In the last line, we did some algebra of the form \begin{align} \frac{\displaystyle\left(\frac{1-r}{1+r}\right)}{\displaystyle\left(\frac{1-s}{1+s}\right)} &=\displaystyle\frac{rs+r-s-1}{rs-r+s-1}\\ &=\displaystyle\frac{1-rs-(r-s)}{1-rs+(r-s)}\\ &=\displaystyle\frac{1-\frac{(r-s)}{1-rs} }{1+\frac{(r-s)}{1-rs}}\\ \end{align} where you hopefully recognize the relative-velocity formula.

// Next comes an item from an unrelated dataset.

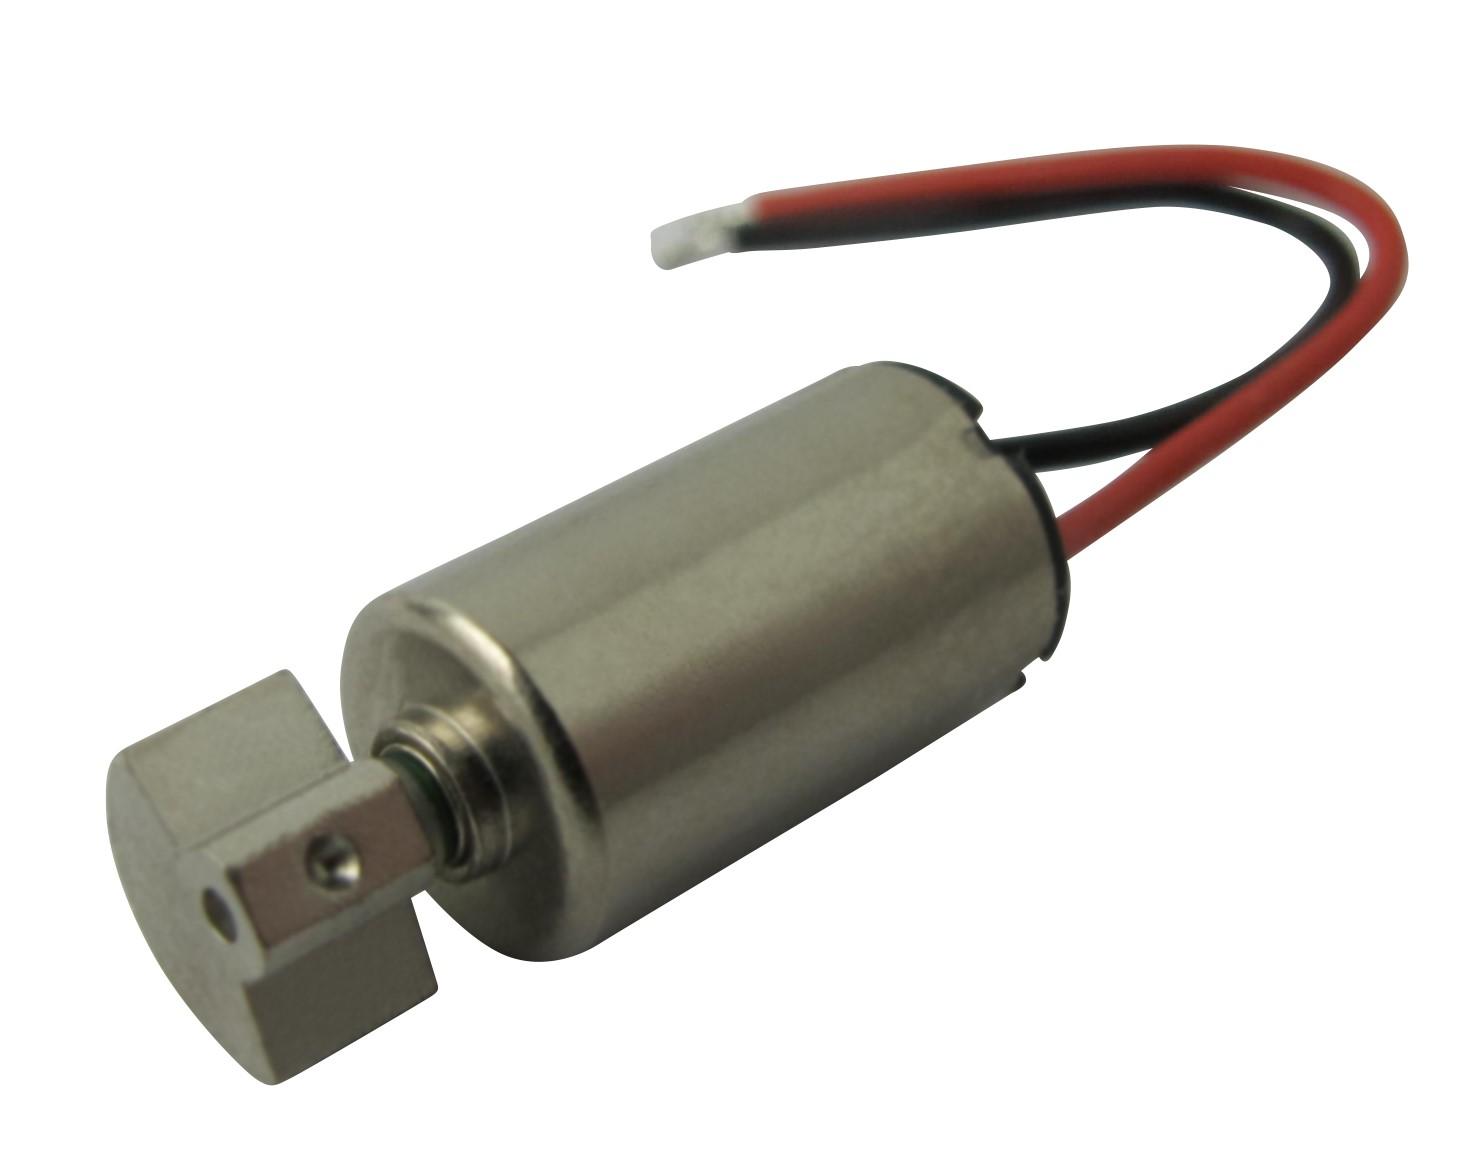 Z6SL2A0060001 Cylindrical Vibrator Motor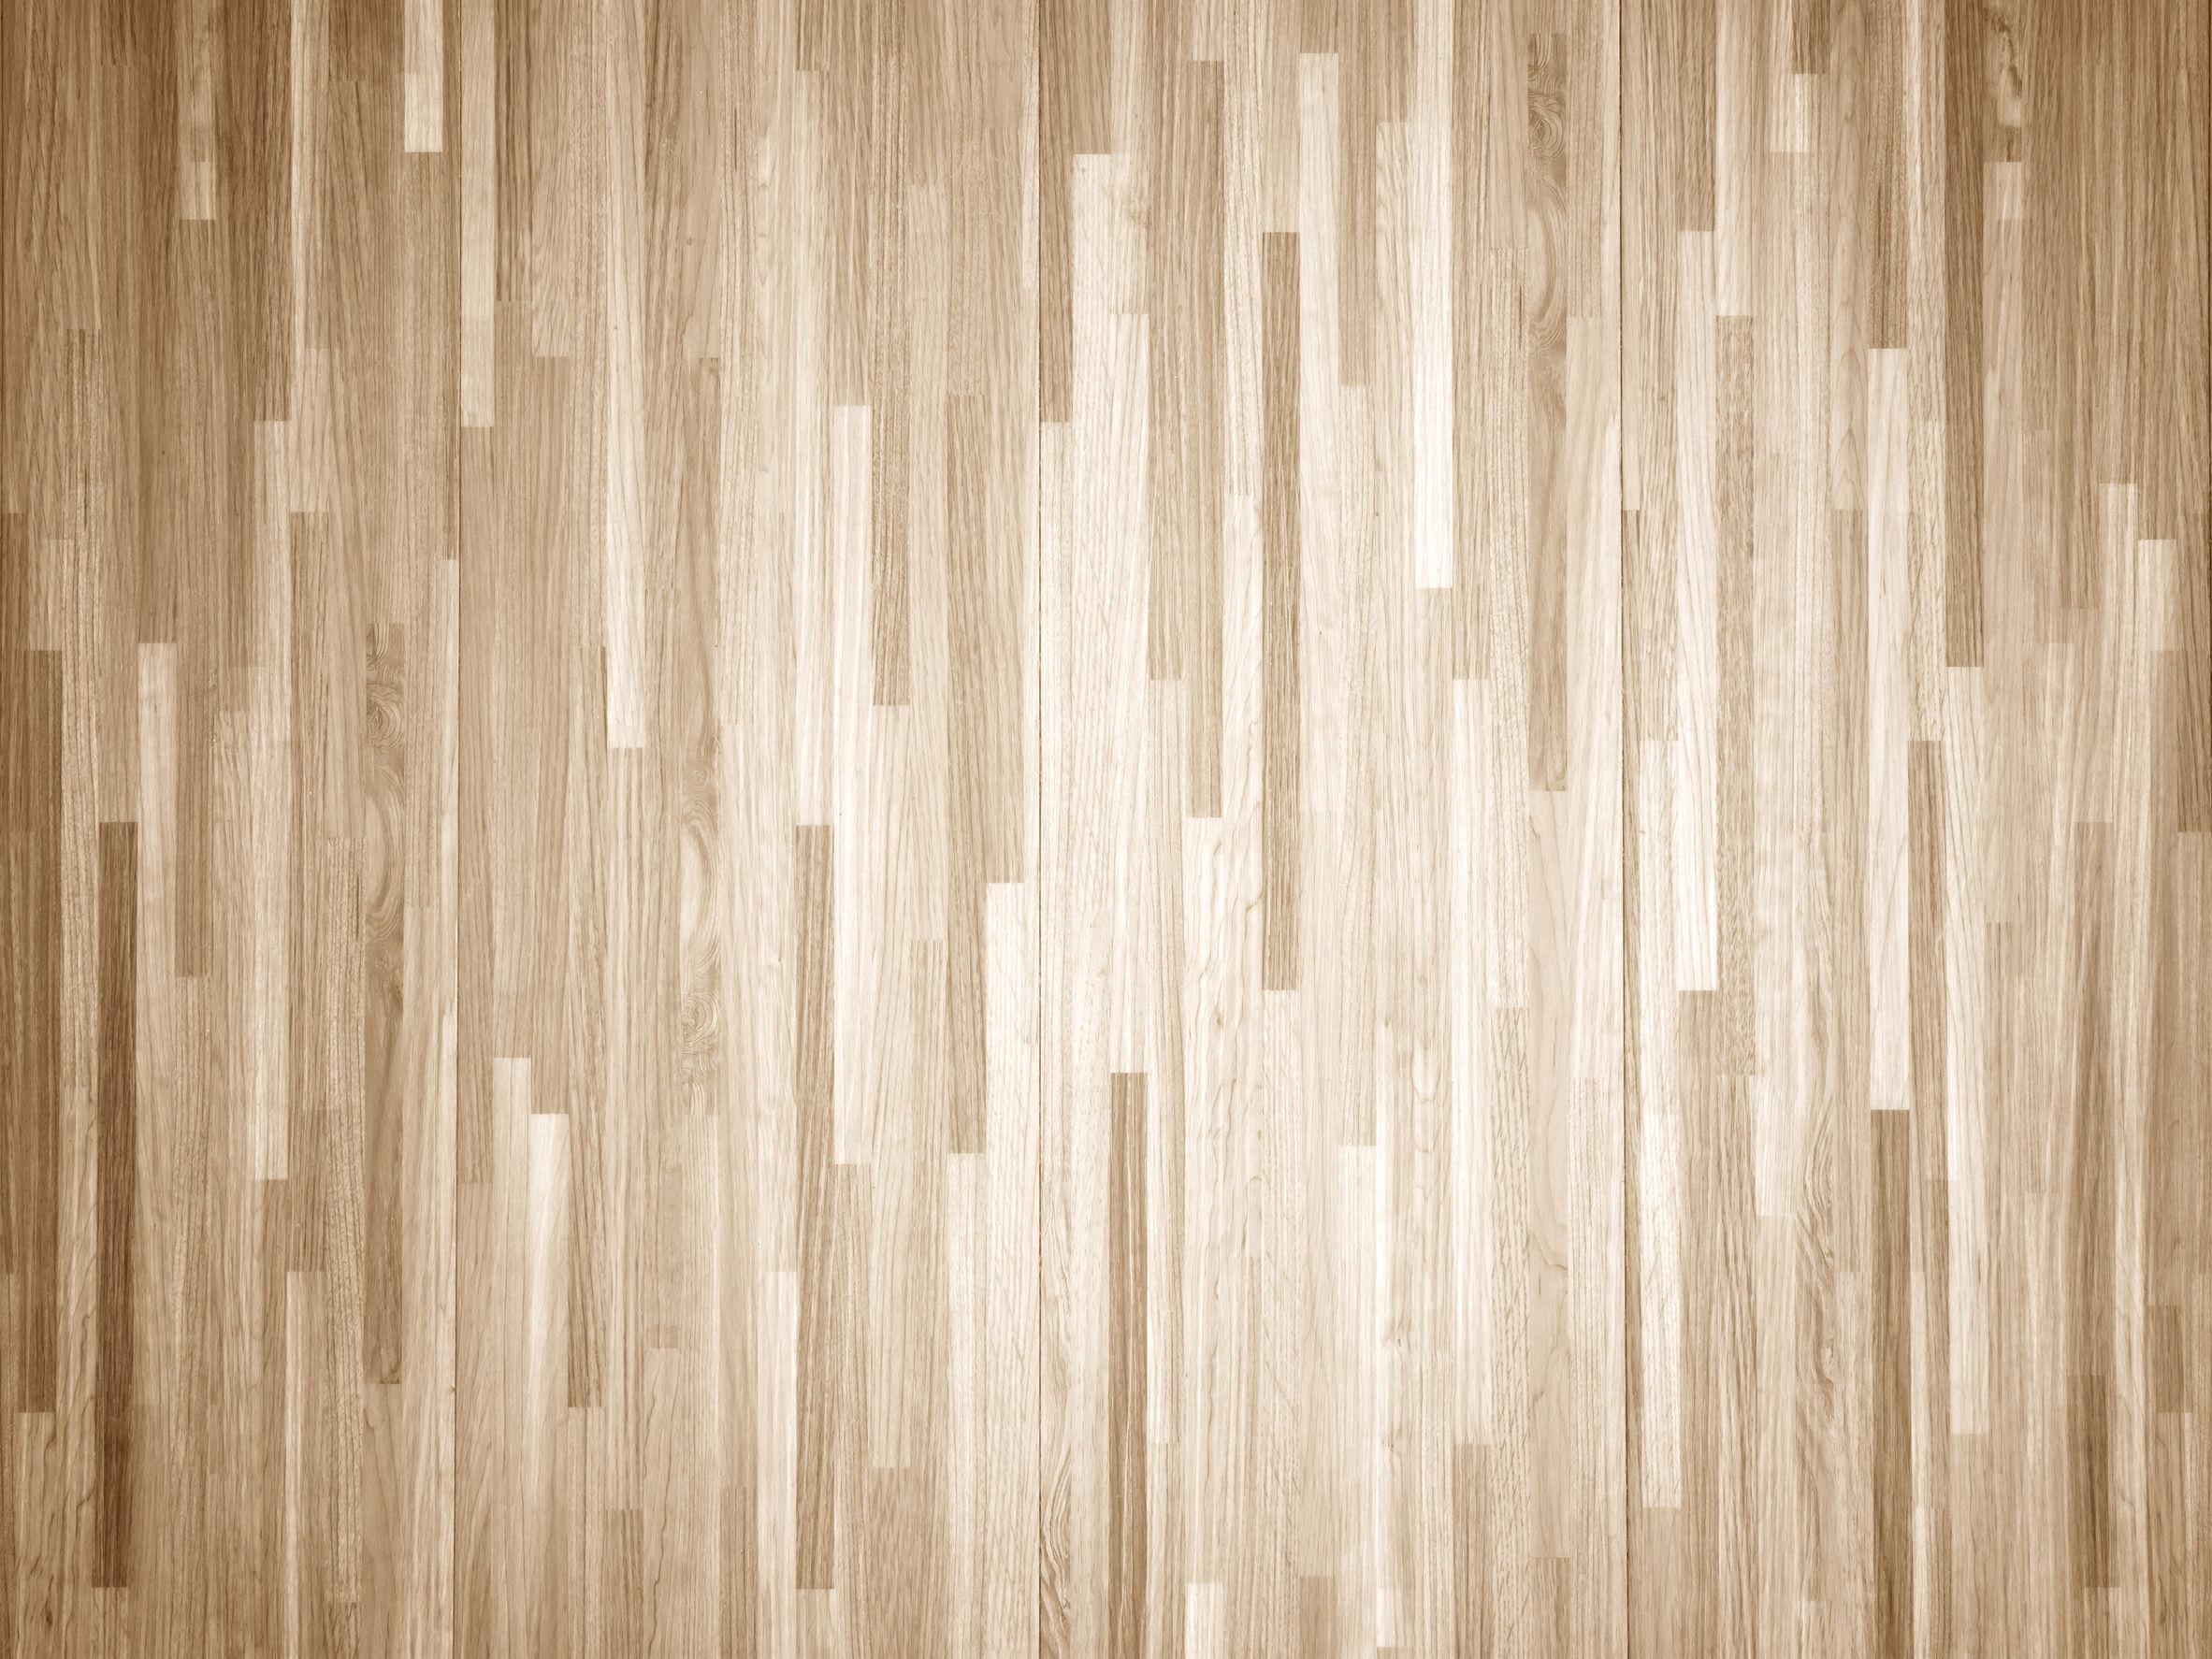 How To Chemically Strip Wood Floors Woodfloordoctor Com

Instead, Thinking trigonometrically, we write $$OL=(OM-LM)=(OS \cosh\theta_{SL} - OS\sinh\theta_{SL})\quad \mbox{since c=\frac{MS}{LM}}$$ $$OL=(ON-LN)=(OR \cosh\theta_{RL} - OR\sinh\theta_{RL})\quad \mbox{since c=\frac{NR}{LN}}$$ So, \begin{align} \frac{f_R}{f_S} =\frac{OS}{OR} &=\frac{\cosh\theta_{RL}-\sinh\theta_{RL}}{\cosh\theta_{SL}-\sinh\theta_{SL}}\\ &=\frac{\exp(-\theta_{RL})}{\exp(-\theta_{SL})}\\ &=\exp(-(\theta_{RL}-\theta_{SL}))\\ &=\exp(-\theta_{RS})=\frac{1}{k_{RS}}\\ \end{align}

Thinking in terms of the Bondi k-calculus,

$$OS=k_{SL}\ OL$$ $$OR=k_{RL}\ OL$$ $$OR=k_{RS}\ OS$$

So, $$\left(\frac{f_R}{f_S}\right)^{-1}=k_{RS} =\frac{OR}{OS}=\frac{ k_{RL}\ OL}{ k_{SL}\ OL}=\frac{ k_{RL}}{ k_{SL}}$$

Here is a numerical example (drawn on rotated graph paper so we can visualize the tickmarks along the worldlines):

$$v_{SL}=(3/5)c$$ and $$v_{RL}=(4/5)c$$

$$k_{SL}=\sqrt{\frac{1+v_{SL}/c}{1-v_{SL}/c}}= \sqrt{\frac{1+(3/5)}{1-(3/5)}}=\sqrt{\frac{8}{2}}=2$$ which agrees with $$(OS/OL)=4/2=2$$

$$k_{RL}=\sqrt{\frac{1+v_{RL}/c}{1-v_{RL}/c}}= \sqrt{\frac{1+(4/5)}{1-(4/5)}}=\sqrt{\frac{9}{1}}=3$$ which agrees with $$(OR/OL)=6/2=3$$

We expect $$k_{RS}=\displaystyle\frac{k_{RL}}{k_{SL}}=\frac{3}{2}$$ which agrees with $$(OR/OS)=6/4=3/2$$.

From \begin{align} v_{RS}=\displaystyle\frac{v_{RL}-v_{SL}}{1-v_{RL}v_{SL}/c^2} &=\frac{(4/5)-(3/5)}{1-(4/5)(3/5)}\\ &=\frac{(1/5)}{25/25-(12/25)}\\ &=\frac{5}{13} \end{align} we have $$k_{RS}=\sqrt{\frac{1+(5/13)}{1-(5/13)}}=\sqrt{\frac{18}{8}}=\sqrt{\frac{9}{4}}=\frac{3}{2}$$.

As a check, $$k_{RS}=$$$$\exp({\rm arctanh}(4/5)-{\rm arctanh}(3/5))=3/2$$.